Counterfactual Risk Minimization: Learning from Logged Bandit Feedback (1502.02362v2)

Published 9 Feb 2015 in cs.LG and stat.ML

Abstract: We develop a learning principle and an efficient algorithm for batch learning from logged bandit feedback. This learning setting is ubiquitous in online systems (e.g., ad placement, web search, recommendation), where an algorithm makes a prediction (e.g., ad ranking) for a given input (e.g., query) and observes bandit feedback (e.g., user clicks on presented ads). We first address the counterfactual nature of the learning problem through propensity scoring. Next, we prove generalization error bounds that account for the variance of the propensity-weighted empirical risk estimator. These constructive bounds give rise to the Counterfactual Risk Minimization (CRM) principle. We show how CRM can be used to derive a new learning method -- called Policy Optimizer for Exponential Models (POEM) -- for learning stochastic linear rules for structured output prediction. We present a decomposition of the POEM objective that enables efficient stochastic gradient optimization. POEM is evaluated on several multi-label classification problems showing substantially improved robustness and generalization performance compared to the state-of-the-art.

Citations (167)

View on Semantic Scholar

Summary

The paper introduces the Counterfactual Risk Minimization (CRM) principle for robust batch learning from logged bandit feedback, addressing limitations of traditional methods by incorporating propensity scoring and variance-aware generalization bounds.
From the CRM framework, the authors derive the Counterfactual Exponential Model Learner (CEML), a new algorithm designed for structured output prediction using stochastic gradient optimization.
Experimental evaluations show CEML achieves significant performance gains, robustness, and computational efficiency over state-of-the-art methods, especially in multi-label classification with large prediction spaces.

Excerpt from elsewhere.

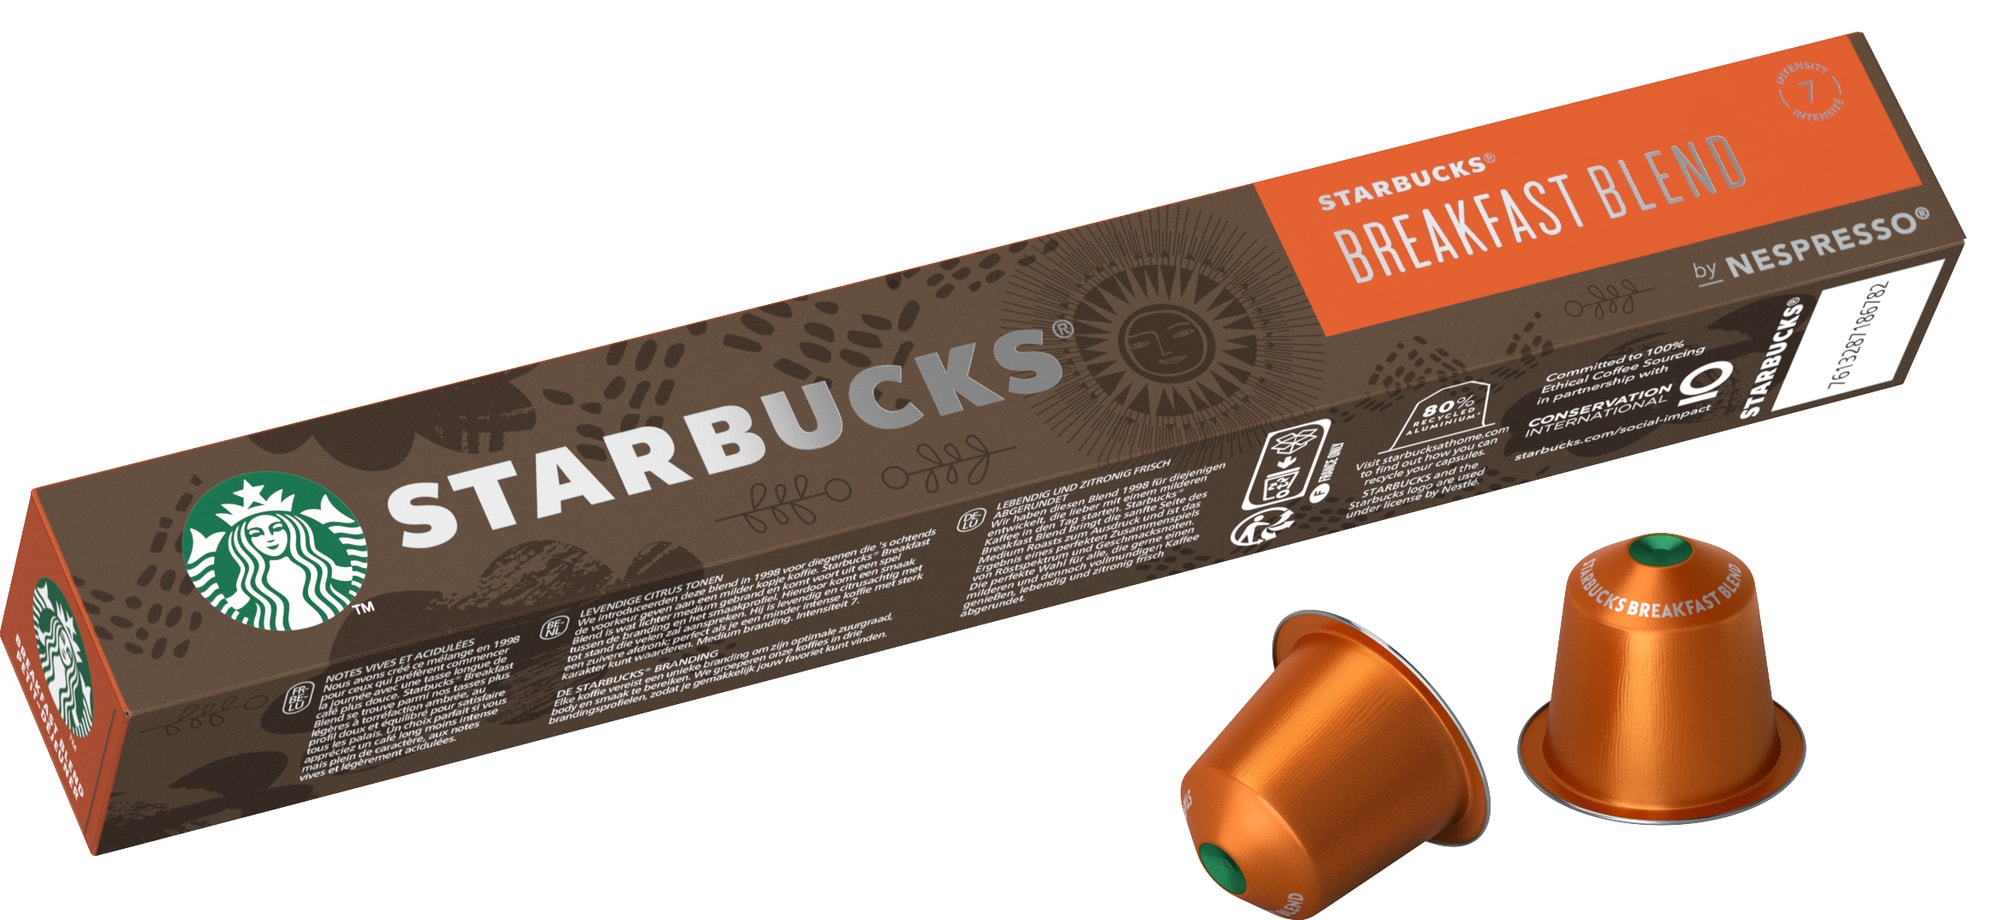 Starbucks by Nespresso Breakfast Blend kaffekapsler 12473157

Overview of Counterfactual Risk Minimization: Learning from Logged Bandit Feedback

Swaminathan and Joachims present a significant contribution to the field of machine learning through their introduction of the Counterfactual Risk Minimization (CRM) principle designed specifically to tackle the challenges associated with batch learning from logged bandit feedback. The CRM principle addresses key limitations of traditional empirical risk minimization approaches by incorporating propensity scoring and variance-aware generalization error bounds. This paper not only lays the theoretical groundwork for counterfactual learning but also derives a new algorithm, the Counterfactual Exponential Model Learner (CEML), for structured output prediction.

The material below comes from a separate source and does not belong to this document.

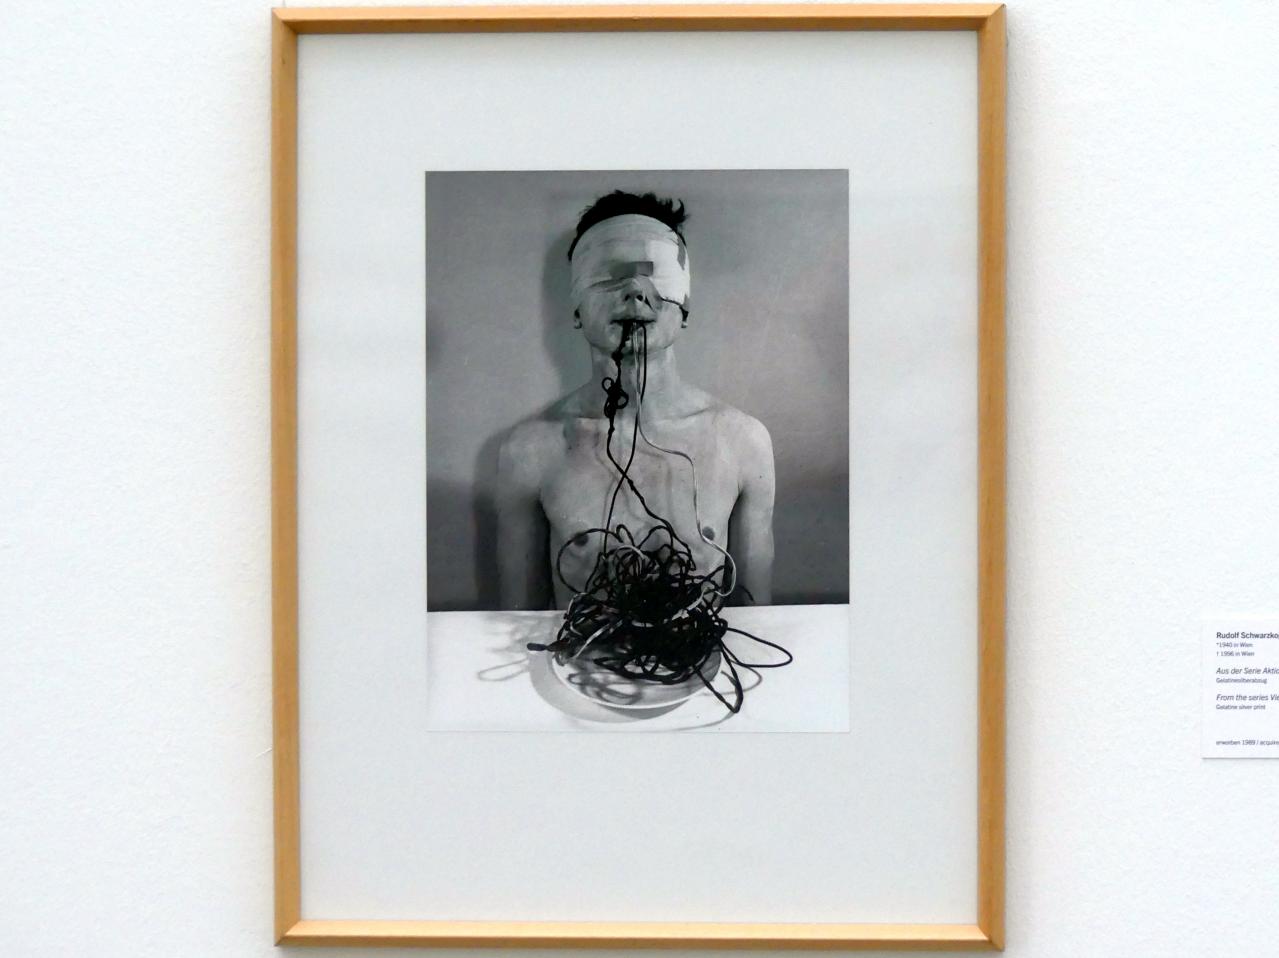 Rudolf Schwarzkogler (1965), Aus der Serie Aktion Wien, Linz, Lentos Kunstmuseum Linz, Saal 9 - Das Jahrzehnt des Aufbruchs, 1965–1966, Bild 1/3

Learning from Logged Bandit Feedback

The paper begins by recognizing the prevalent scenario where online systems generate data logs containing bandit feedback, an inherently partial and biased form of information that does not cover the full space of possible system responses. This logging method provides data only for the predictions made and observed, excluding potential outcomes, making batch learning fundamentally different from supervised learning. The traditional methods of utilizing logged bandit feedback typically involve attempts to approximate supervised learning models, which often result in poor generalization.

The Counterfactual Risk Minimization Principle

To overcome these challenges, Swaminathan and Joachims propose the CRM principle. The core of CRM lies in its ability to estimate counterfactual risk—a measure of how different models would perform based on available data—by using propensity scoring to adjust for the biases inherent in bandit feedback logs. This approach goes beyond mere unbiased risk estimation and entails a deeper consideration of variance across hypothesis spaces.

The CRM principle is backed by a generalization error bound that incorporates variance terms using empirical Bernstein arguments. This constructive bound provides a rigorous basis for defining a conservative confidence bound during hypothesis selection, ensuring robust learning from the uncertain estimations typical of bandit feedback data.

Counterfactual Exponential Model Learner (CEML)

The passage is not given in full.